The Supreme Council of the Armed Forces (SCAF) has issued an addendum to the March 2011 Constitutional Declaration that human rights activists fear will institutionalize military dictatorship in Egypt. The SCAF’s decision to issue amendments to several articles on the eve of the announcement of the official presidential results was strategically timed to avoid accusations of anti-Brotherhood bias after a likely victory by the Freedom and Justice Party’s candidate Mohamed Morsi.
The announcement has renewed concerns that the SCAF is seeking to prolong its political role beyond June 30, the previously announced deadline for its transfer of power to an elected civilian president. Although the SCAF has renewed its pledge to hand over power by the end of the month, the dissolution of Parliament and subsequent transfer of legislative authorities to the military (confirmed in yesterday’s constitutional declaration) means that the SCAF will continue to wield significant political power until a new Parliament is formed – which the latest SCAF declaration suggests will not take place until a month after the new constitution has been written.
The new addendum referenced the role of the newly elected President as stated in Article 56 of the March 2011 Constitutional Declaration. According to the original article, the President possesses supreme rights that no other institution can challenge, especially in the absence of the Parliament. These rights include the issuing of laws and vetoing of Parliament-proposed legislation, appointing the cabinet and state bureaucracies, negotiating treaties and representing Egypt at home and abroad. In the new constitutional supplement, however, the SCAF has abridged presidential powers and further entrenched the military establishment as a de facto fourth branch of government. The SCAF now wields legislative power and the prerogative to oversee all military-related matters until a new Constitution is written and a Parliament is elected a month later.
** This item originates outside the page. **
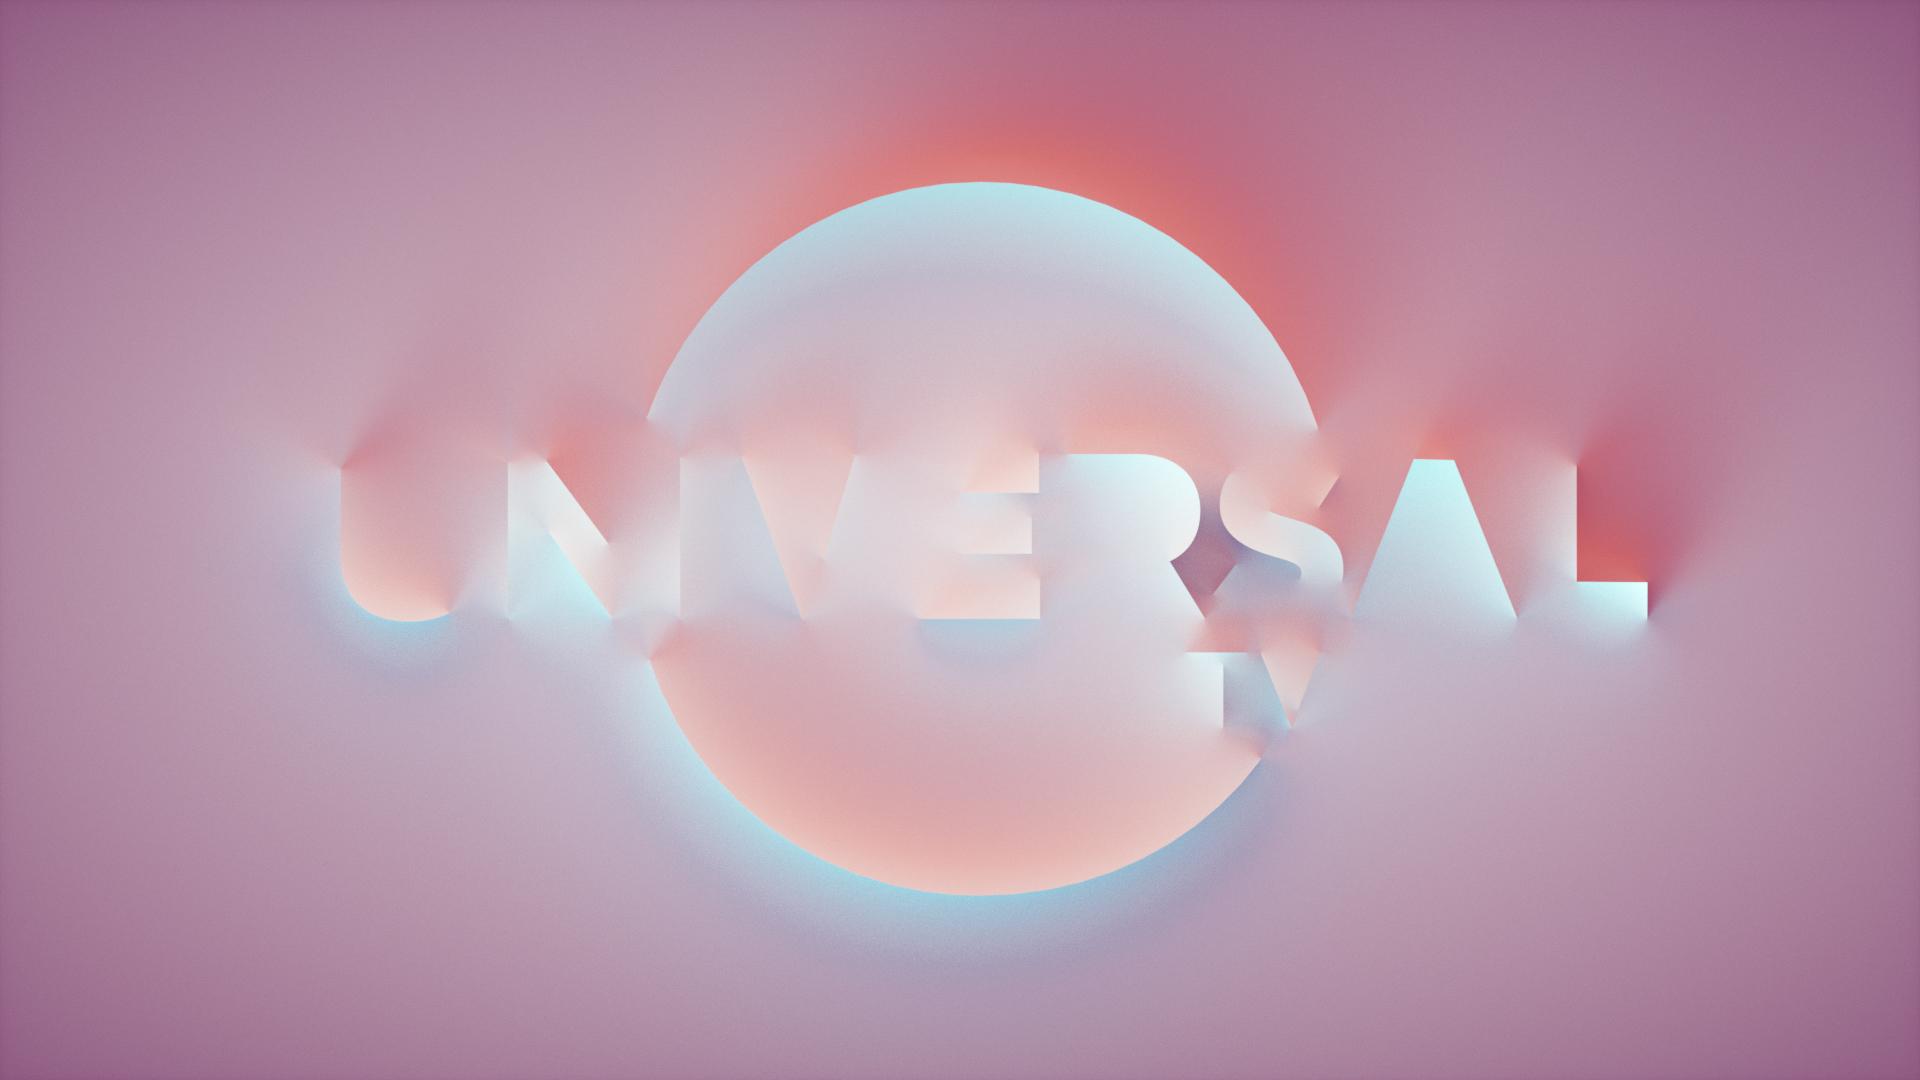 UNIVERSAL_RND_8

The generals, moreover, by giving themselves the right under Articles 60-B and 60-B1 to form and intervene in the work of the Constituent Assembly, have thus successfully engineered a legal basis for perpetuating their political and economic privileges in the new system and more importantly institutionalizing the “soft coup” they staged in February 2011.
In retrospect, the generals would not have been able to seize this opportunity and issue the new articles if the Supreme Constitutional Court (SCC) had not ruled the parliamentary law unconstitutional last week, a decision that required the dissolution of the recently elected People’s Assembly. In addition, the military and its security services were further empowered by last week’s Ministry of Justice Decree giving military police and intelligence officers sweeping powers to arrest civilians, a move that effectively replaces the recently expired Emergency Law with martial law.
It is apparent that the generals issued this new constitutional declaration to maintain their interests and preemptively curb the powers of the President to prepare for their worst case scenario: a win by Mohamed Morsi. No matter how hard the generals feign impartiality, it is clear Shafik would be much more amenable to the perpetuation of military influence over Egypt’s political future, in comparison with Morsi and the Brotherhood, who represent a serious threat to the SCAF’s institutional and economic interests.
On the whole, the constitutional addendum enshrines the power of the military as a separate branch of government that is not only protected from civilian oversight, but possesses the power to check the president’s political agenda. By reserving for itself the power to issue laws and oversee the state budget, as well as veto presidential declarations of war, the SCAF has signaled that it is only willing to partially surrender its interim executive authorities. Instead of returning to the barracks by June 30 as promised to the Egyptian people, the generals have effectively broken their commitment and extended their rule until at least a new constitution is written, a process that could take months. The new powers that the SCAF has unilaterally claimed for itself present a serious and frustrating setback to Egypt’s so-called “democratic” transition. As human rights activist Hossam Baghat remarked, “Egypt just witnessed the smoothest military coup. We’d be outraged if we weren’t so exhausted."
Ahmed Morsy is a Ph.D. candidate at the School of International Relations, University of St. Andrews.